-- Problem description --
Go through the listing below and repeat it exactly, dropping the pictures.

-- Data block --
########################################

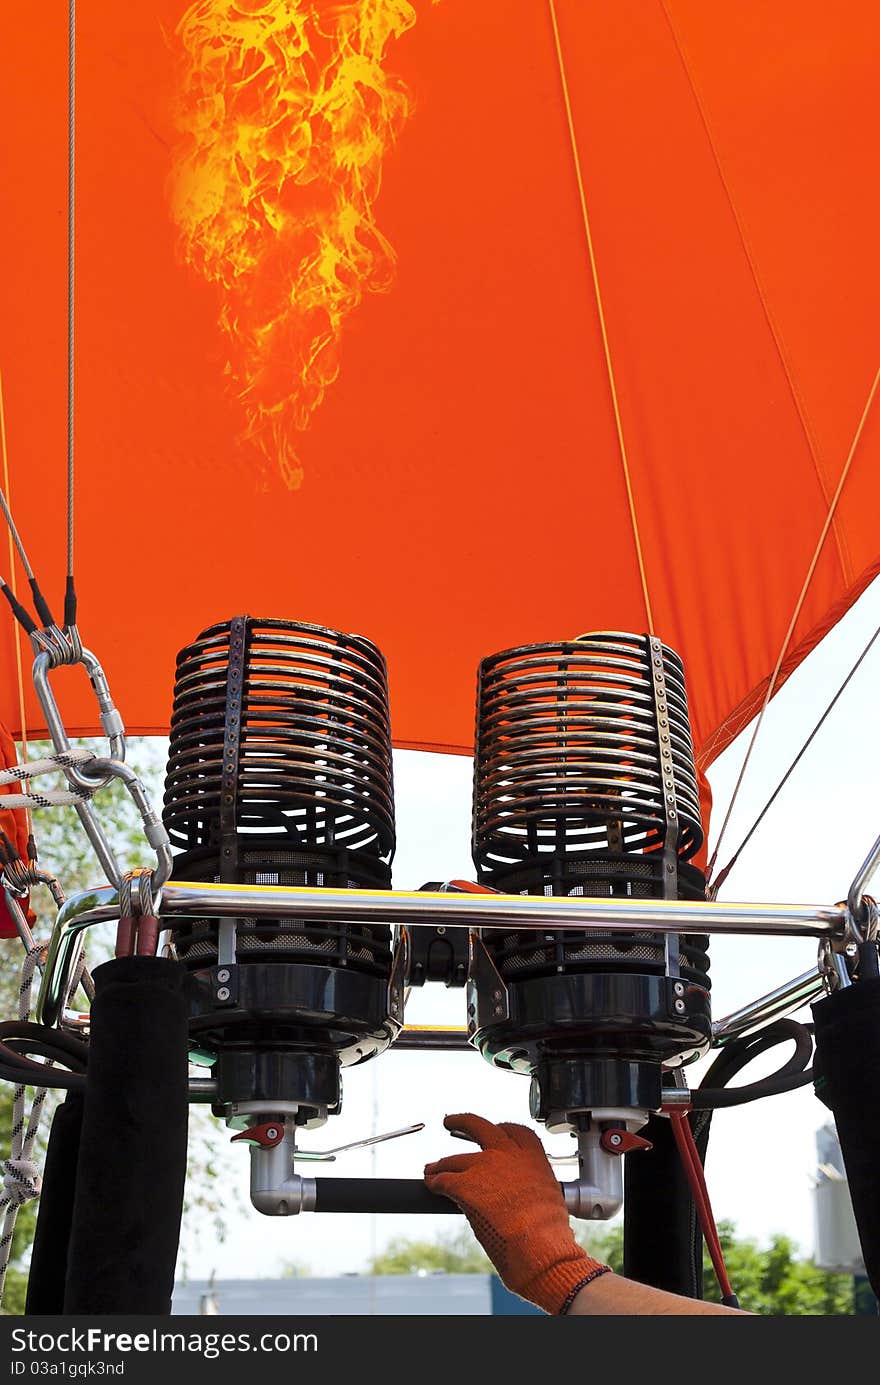 Man inflating an orange hot air balloon
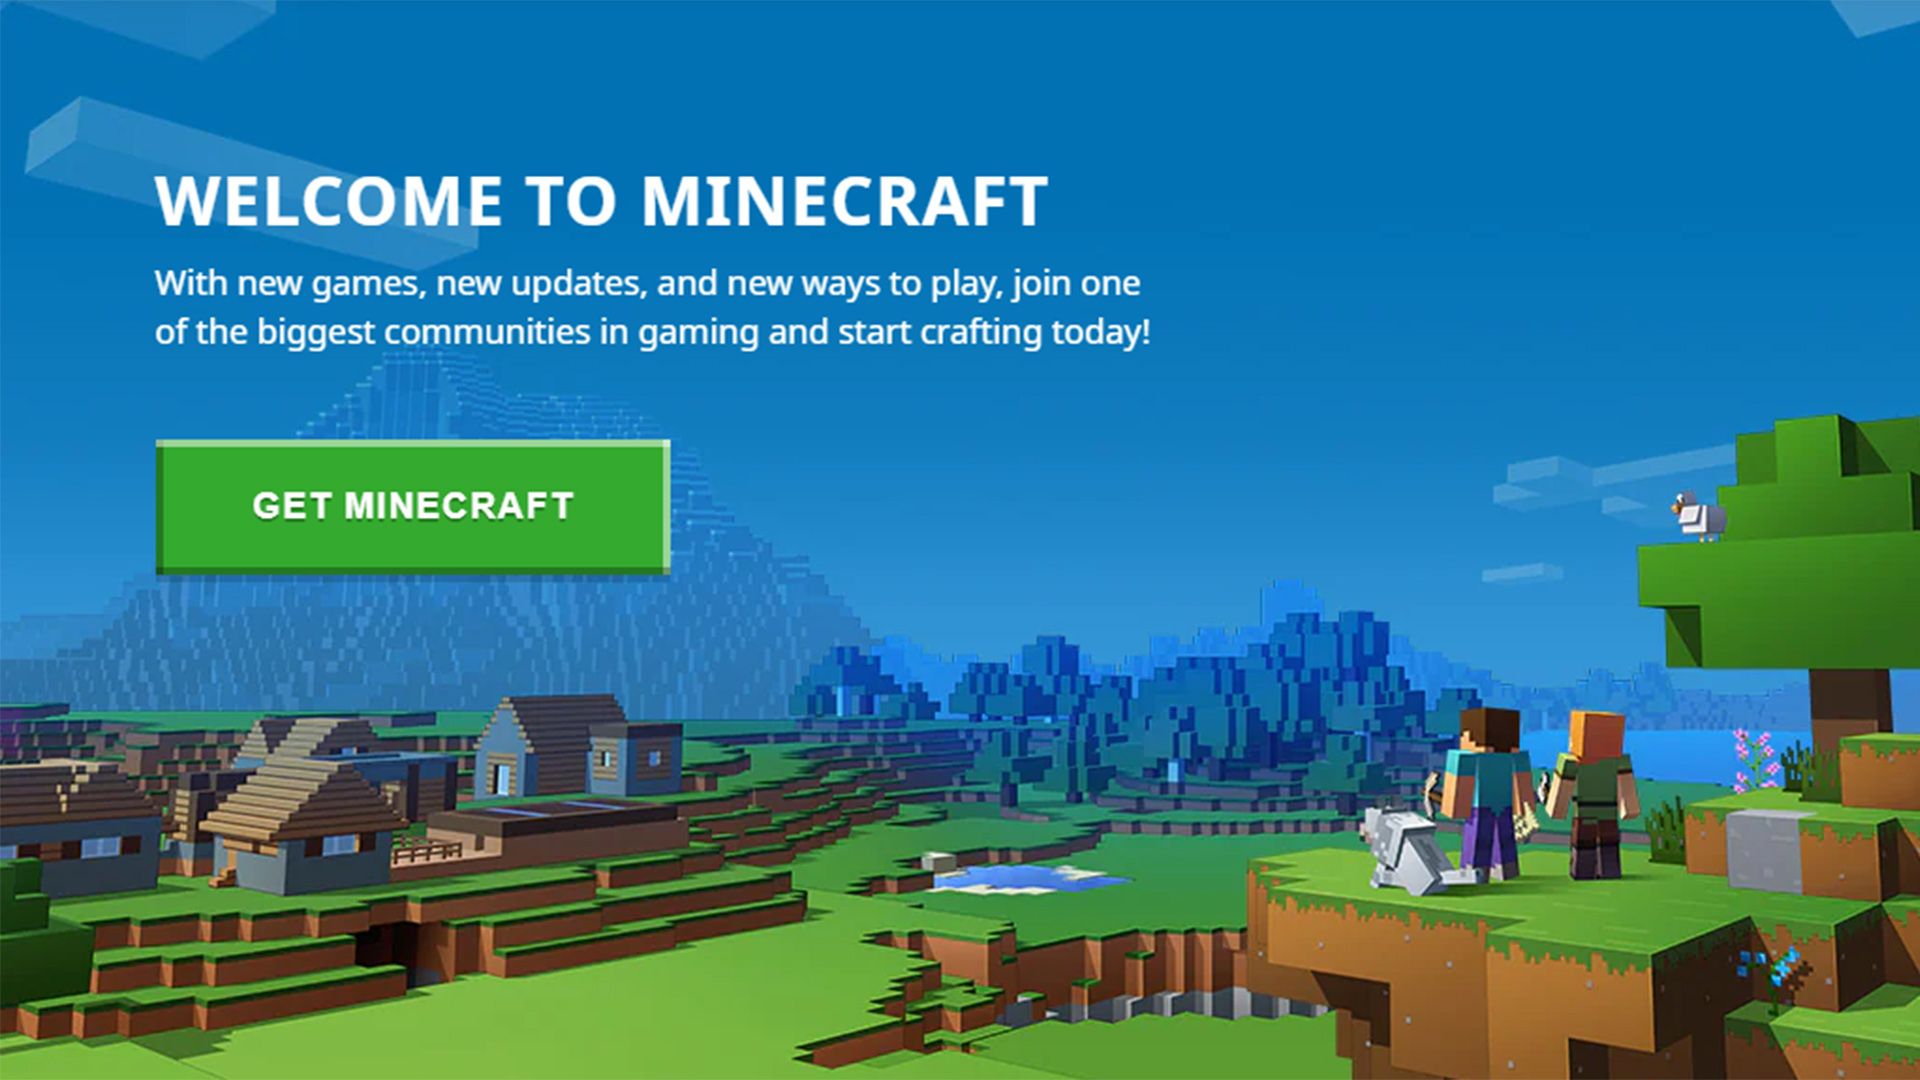 get minecraft window screenshot - Come installare OptiFine per Minecraft
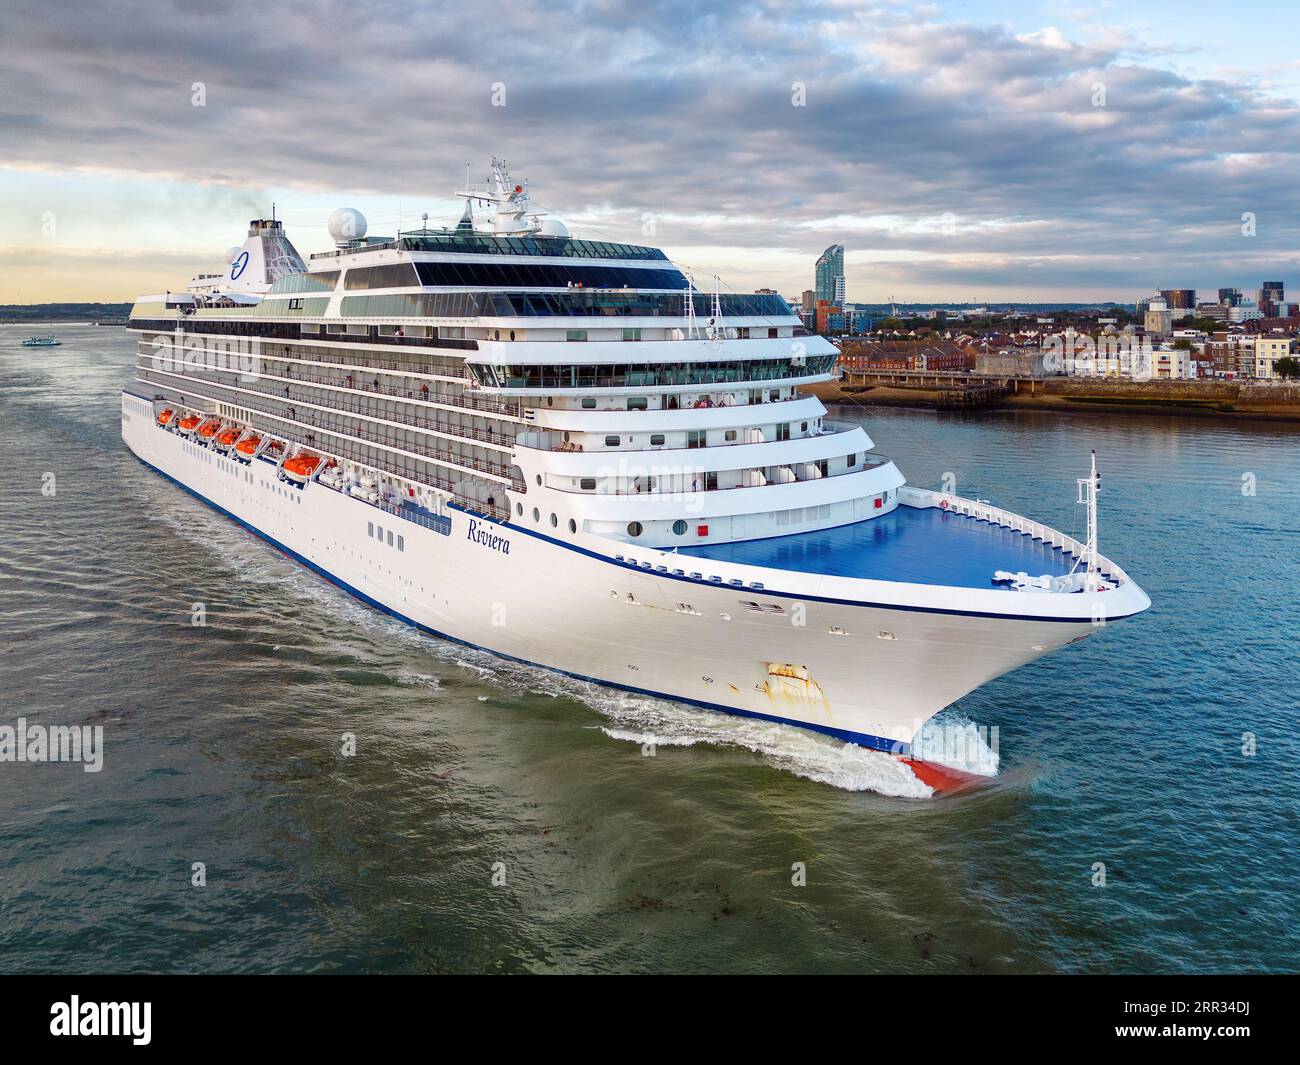 Riviera è una nave da crociera di classe Oceania gestita da Oceania Cruises, parte di Norwegian Cruise Line Holdings. Foto Stock
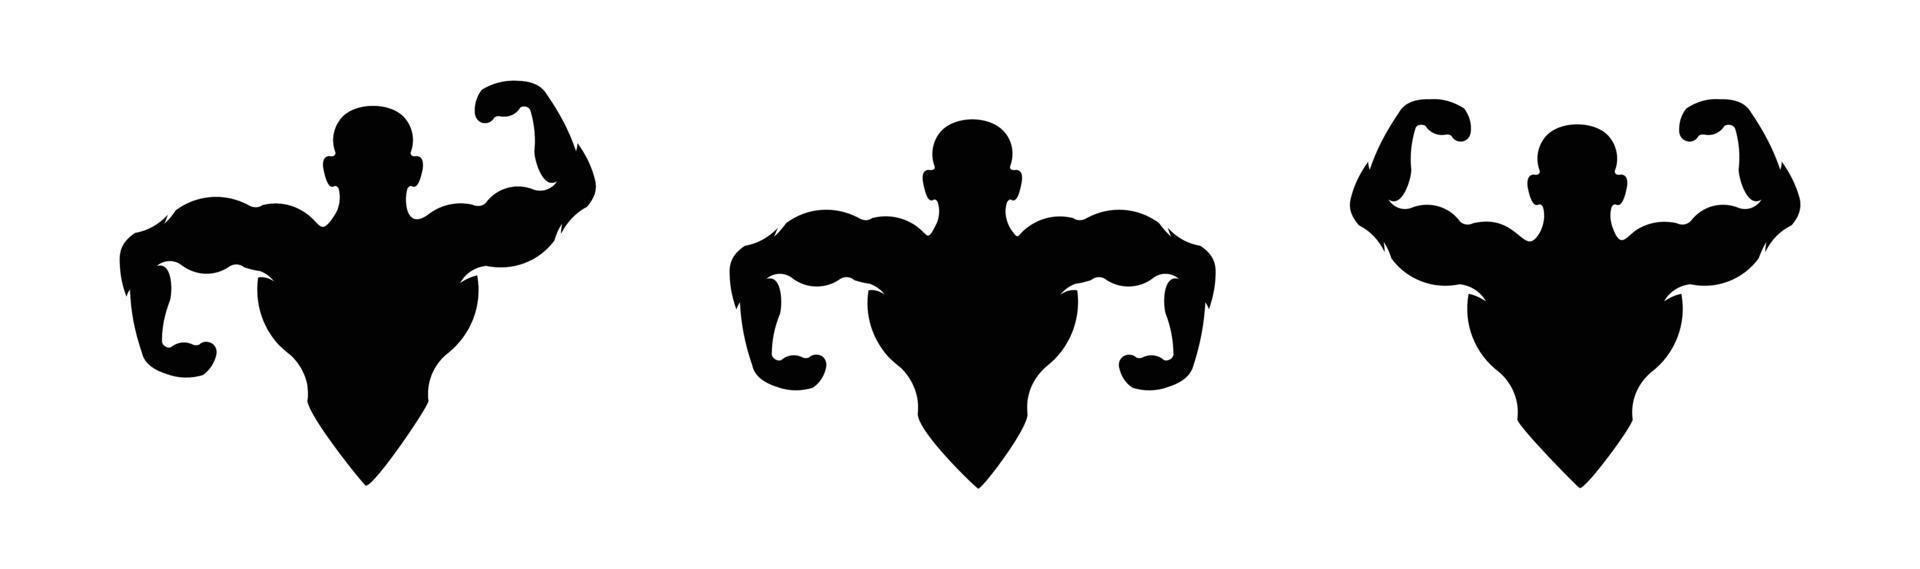 Academia logotipo vetor ícone ilustração, fitness clube logotipo com exercício Atlético homem e mulher vetor ilustração.

########################################

-- Response to the task --
 Man inflating an orange hot air balloon
 get minecraft window screenshot - Come installare OptiFine per Minecraft
 Riviera è una nave da crociera di classe Oceania gestita da Oceania Cruises, parte di Norwegian Cruise Line Holdings. Foto Stock
 Academia logotipo vetor ícone ilustração, fitness clube logotipo com exercício Atlético homem e mulher vetor ilustração.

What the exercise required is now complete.